Tuesday, July 19, 2011

war photography

A friend put this on his Facebook profile, http://www.visuramagazine.com/katie-orlinsky-libya.

It's about a mutual friend who we both met in Oaxaca in  2003.  We were all arriving in those days.  Three years later, as a conflict between Oaxaca's civil society and it's government escalated into a street "battle" (the quotes because the weapons were largely sticks and rocks on  the side of the people and canisters of tear gas on the side of the police which, albeit unpleasant and quite frightening, are indeed not usually deadly), the three of us along with other friends and colleagues met up in the central square of Oaxaca in order to make revolution.  As the confusion of conflict buzzed about us, I heard a man say into his walkie talkie, "The police are making a front on Bustamante (a block away), we all need to go there and get ready for the face off."

I'd always been stubbornly confident to a fault, and apparently received Highest Honors on my undergraduate thesis because I'd gone into a war zone to do my research, but in that moment I remember a feeling flooding through my bones and down to my feet that made me certain that I was a) not willing to die for the battle that I'd until then thought myself a part of and b) therefore had no business whatsoever being all up in it.  Coincidentally, Katie's then boyfriend, a Oaxacan very much in his own struggle, looked at my face in that precise moment and perfectly read what my mind and body were thinking.  I remember that without a word he extended his arm toward me, at the end of which his hand was wrapped around the handle bar of the bike that he and Katie shared.  I accepted it with unspeakable gratitude and promptly jumped on and fled the center of the conflict through eerily quiet streets and the caustic remnants of tear gas.

I imagine something akin to this is what Katie must have felt on Tripoli Street in Misurata, Libya on April 20th, as she watched her colleagues fall and bleed.

My head can't decide how to feel about it all, and yet I can't just leave it at that either.

Last night I looked at some of the work of one of her fellow disaster photographers who was killed that day, who did 14 tours in Iraq, and many others among all manner of war-torn peoples.  The tragedy of each image is always the same.  It makes me feel that the side of me that wants to say "their work is important because it gives the rest of the world images of what is really happening" is actually quite wrong.  It makes me feel certain that the side of me that wants to say "they have no business being there whatsoever" is right.  Who are we to know what a child looks like when she's covered in the blood of both her parents, who were just shot dead in front of her because they didn't stop their car promptly when a foreign officer told them to?  Isn't that the sort of thing we should only know if we are truly going to know it by truly living through it?  This child felt her parent's blood fall on her, heard the blasts of gunshots and shattered glass, felt the confusion thereafter, only to be taken from the car by men dressed as non-men, in head-to-toe combat wear, and then photographed like a starlet on the catwalk with no frame of reference whatsoever that could explain the western obsession with "seeing" to "believe".  I imagine that the flashes from the camera in the night must have been just as terrifying to her as the bullets that killed her mother moments before.  Later, the "image" won merits and was discussed by media.  The girl was called "doll like" but was by no means a doll.  The media itself turned her into a doll.  They did NOTHING whatsoever to help her or her people in so doing.  We do NOTHING to stop our soldiers from killing innocent civilians each day, because we simply can't. 

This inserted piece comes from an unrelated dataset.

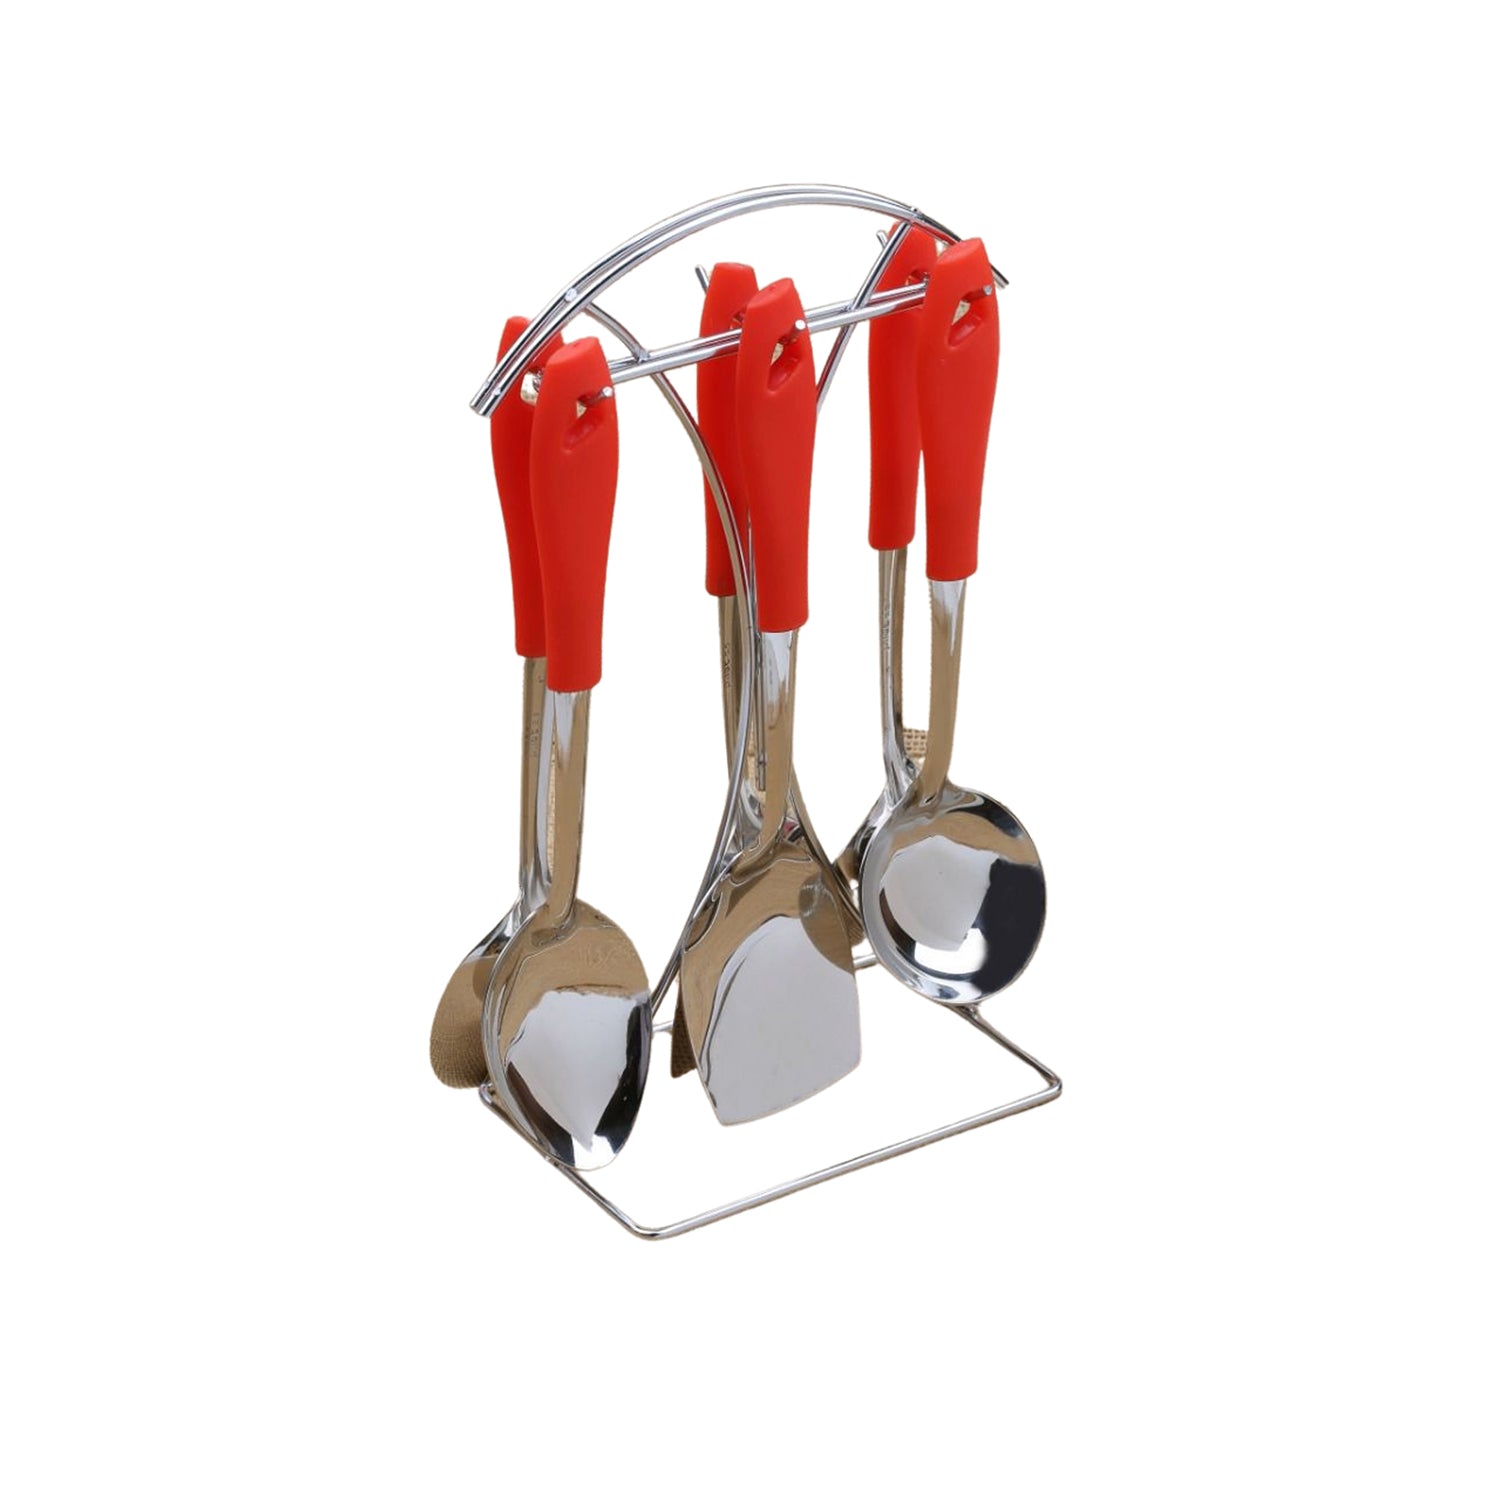 2701 6 Pc SS Serving Spoon stand used in all kinds of household and kitchen places for holding spoons etc.

So why?  By what right does a western, white press move in and out of places where not-so-white refugees wait and die during months of war to do the same?  By what right do these talented and daring photographers gain prestige for themselves upon the misery that they capture in the faces of others?

I don't mean to judge Katie or the men who died.  I am proud to know such a brave soul, though I wonder what purpose she'll find for her life now that the innocence inherent in bravery shattered and left her shell shocked.  I'm sure (knowing her) that it will continue to be a noble purpose, and pray that she can mentally leave Tripoli street as her body and soul were fortunate to do.

I wish that the horror that is war, fighting and killing and loving and losing amongst people, were not so hackneyed as it is in our society. (Especially considering that for more than a century we have not experienced a single war as civilians.  This, to me, is KEY).

I wish that saying "Let there be peace on Earth, and let it begin with me" were enough for the entire Earth and all it's people.  (I wish it were enough for me).  I wish that we could all leave our yellow curiosity for blood and misery behind and look for images of peace and love on faces of all the colors of the world.

Finally, I wish Katie all the best and, in spite of it all, thank her for her images www.katieorlinsky.com, which are not so bloody, but rather are beautifully human.